However, in contrast to chemotherapy, patients with high senescore, especially the highest quartile senescore, exhibited significantly prolonged OS in an independent anti-PD-L1 therapy cohort (n = 348) (Fig. S7C, D) [21]. In addition, patients responsive to anti-PD-L1 therapy displayed higher senescore (Fig. S7E) and senescore in this immunotherapy cohort was positively related with tumor mutation load (Fig. S7F), suggesting patients with high senescore was associated with better immunotherapy efficiency.
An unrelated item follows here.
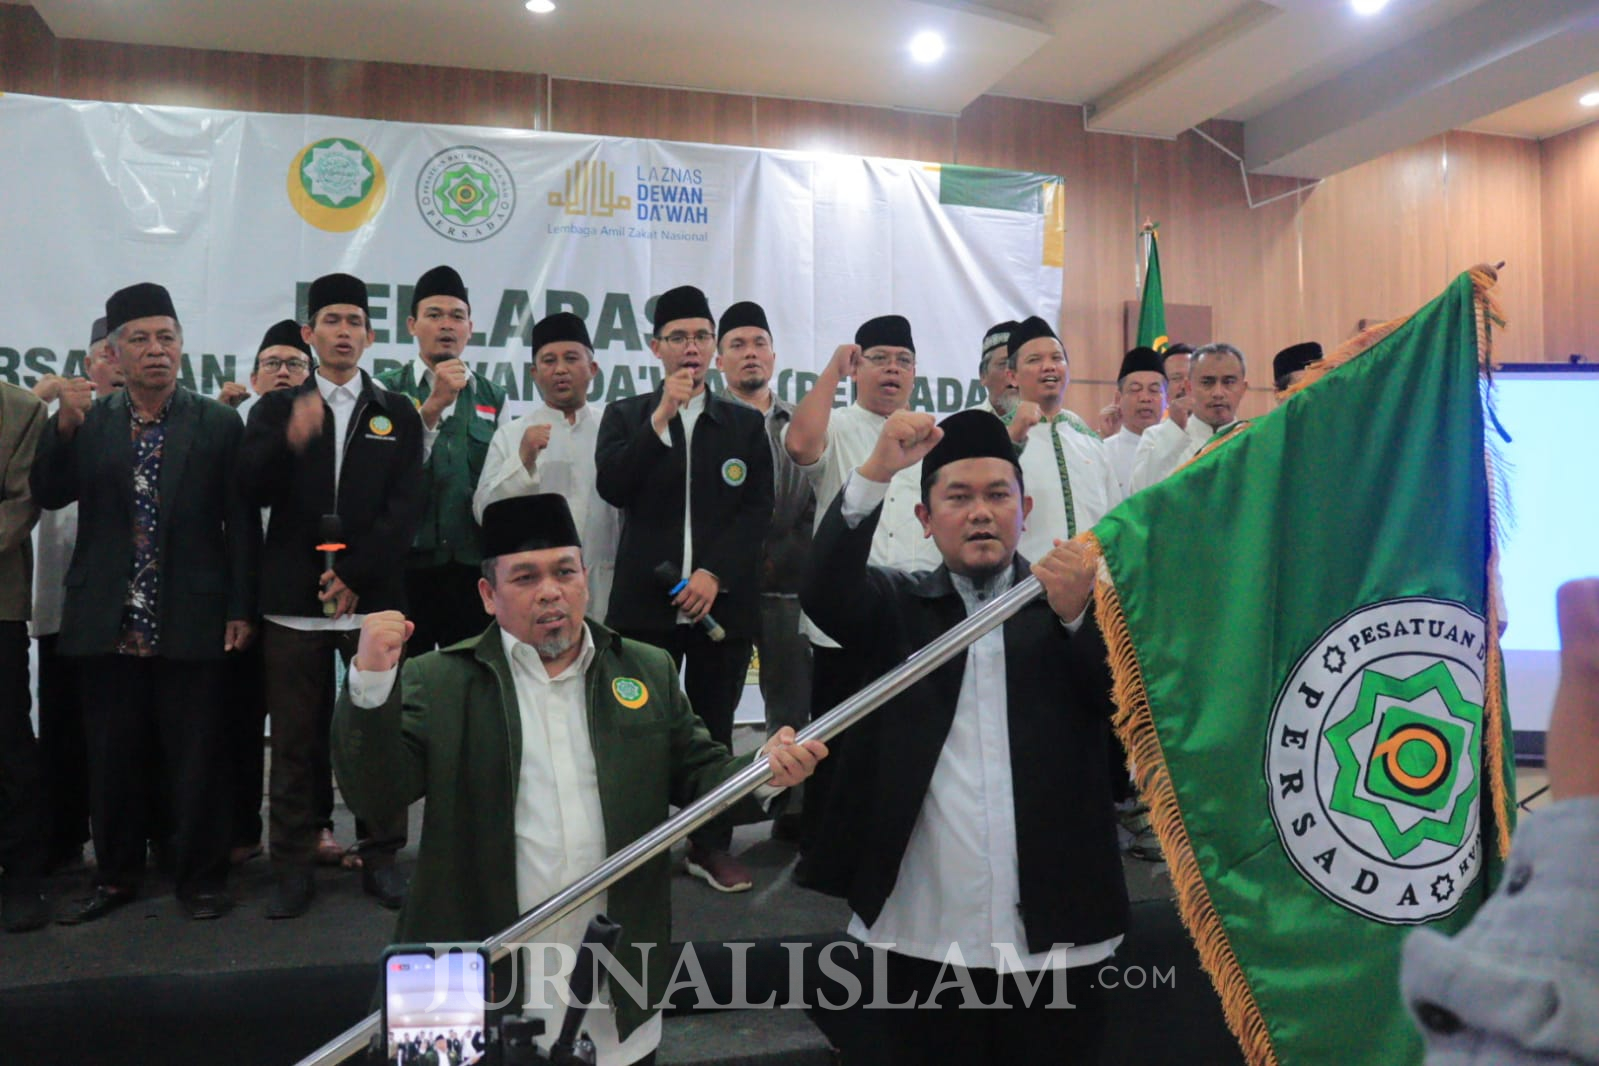 Deklarasi Persatuan Da’i Dewan Da’wah (Persada) Jawa Barat Dihadiri Ribuan Dai

Similarly, patients with high senescore in a small anti-PD1/PD-L1 cohort (n = 27) [22] displayed longer progress-free survival (PFS) (Fig. 6H), as well as higher overall response (50% versus 21%) compared with low senescore group (Fig. 6I). Similar findings were independently confirmed in a cohort of large size (n = 399), in which the patients of urothelial tumors [21] and melanoma [23] receiving anti-PD1/PD-L1 therapy were combined, where the high-senescore group displayed a significantly longer OS (Fig. 6J), and a higher proportion of overall response (31% versus 19%) (Fig. 6K). These results indicated that senescore might serve as a potential biomarker helping the clinicians to select appropriate patients for either chemotherapy or immunotherapy.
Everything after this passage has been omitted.